---- Exercise data

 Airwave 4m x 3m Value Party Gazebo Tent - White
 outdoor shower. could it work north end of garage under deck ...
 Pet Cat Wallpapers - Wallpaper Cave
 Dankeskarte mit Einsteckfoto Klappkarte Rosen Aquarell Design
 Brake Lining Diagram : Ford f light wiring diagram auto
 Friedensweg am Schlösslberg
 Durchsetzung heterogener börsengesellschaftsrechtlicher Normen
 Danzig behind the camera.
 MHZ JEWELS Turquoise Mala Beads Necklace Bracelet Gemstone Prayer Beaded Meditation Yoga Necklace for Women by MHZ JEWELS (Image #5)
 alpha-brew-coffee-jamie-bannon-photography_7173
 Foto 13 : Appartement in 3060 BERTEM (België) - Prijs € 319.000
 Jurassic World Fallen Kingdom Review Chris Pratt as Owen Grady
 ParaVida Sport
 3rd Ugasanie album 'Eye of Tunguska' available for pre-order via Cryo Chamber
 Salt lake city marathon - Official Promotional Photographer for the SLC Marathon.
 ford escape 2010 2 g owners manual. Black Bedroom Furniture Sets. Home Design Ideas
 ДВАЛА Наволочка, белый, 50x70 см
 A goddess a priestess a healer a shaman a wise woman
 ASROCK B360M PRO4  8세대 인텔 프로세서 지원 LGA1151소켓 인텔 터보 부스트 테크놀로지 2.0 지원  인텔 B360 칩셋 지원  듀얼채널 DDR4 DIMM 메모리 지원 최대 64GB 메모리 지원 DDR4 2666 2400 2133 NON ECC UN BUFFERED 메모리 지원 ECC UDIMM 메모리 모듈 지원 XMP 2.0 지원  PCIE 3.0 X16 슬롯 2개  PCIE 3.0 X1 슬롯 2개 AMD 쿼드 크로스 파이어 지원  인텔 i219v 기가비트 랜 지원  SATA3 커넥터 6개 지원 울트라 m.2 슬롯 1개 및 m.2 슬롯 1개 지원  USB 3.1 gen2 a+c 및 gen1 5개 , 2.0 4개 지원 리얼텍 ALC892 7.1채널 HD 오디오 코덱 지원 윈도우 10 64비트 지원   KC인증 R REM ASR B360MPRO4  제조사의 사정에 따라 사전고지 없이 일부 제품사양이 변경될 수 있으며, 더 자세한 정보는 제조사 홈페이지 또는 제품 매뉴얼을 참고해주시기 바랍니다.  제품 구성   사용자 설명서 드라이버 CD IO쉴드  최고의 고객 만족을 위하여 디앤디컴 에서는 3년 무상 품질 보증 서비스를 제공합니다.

--------

Instructions to follow:
Lines holding the word "Design" in the records above: how many are there? Answer with the number only.

Your response:
2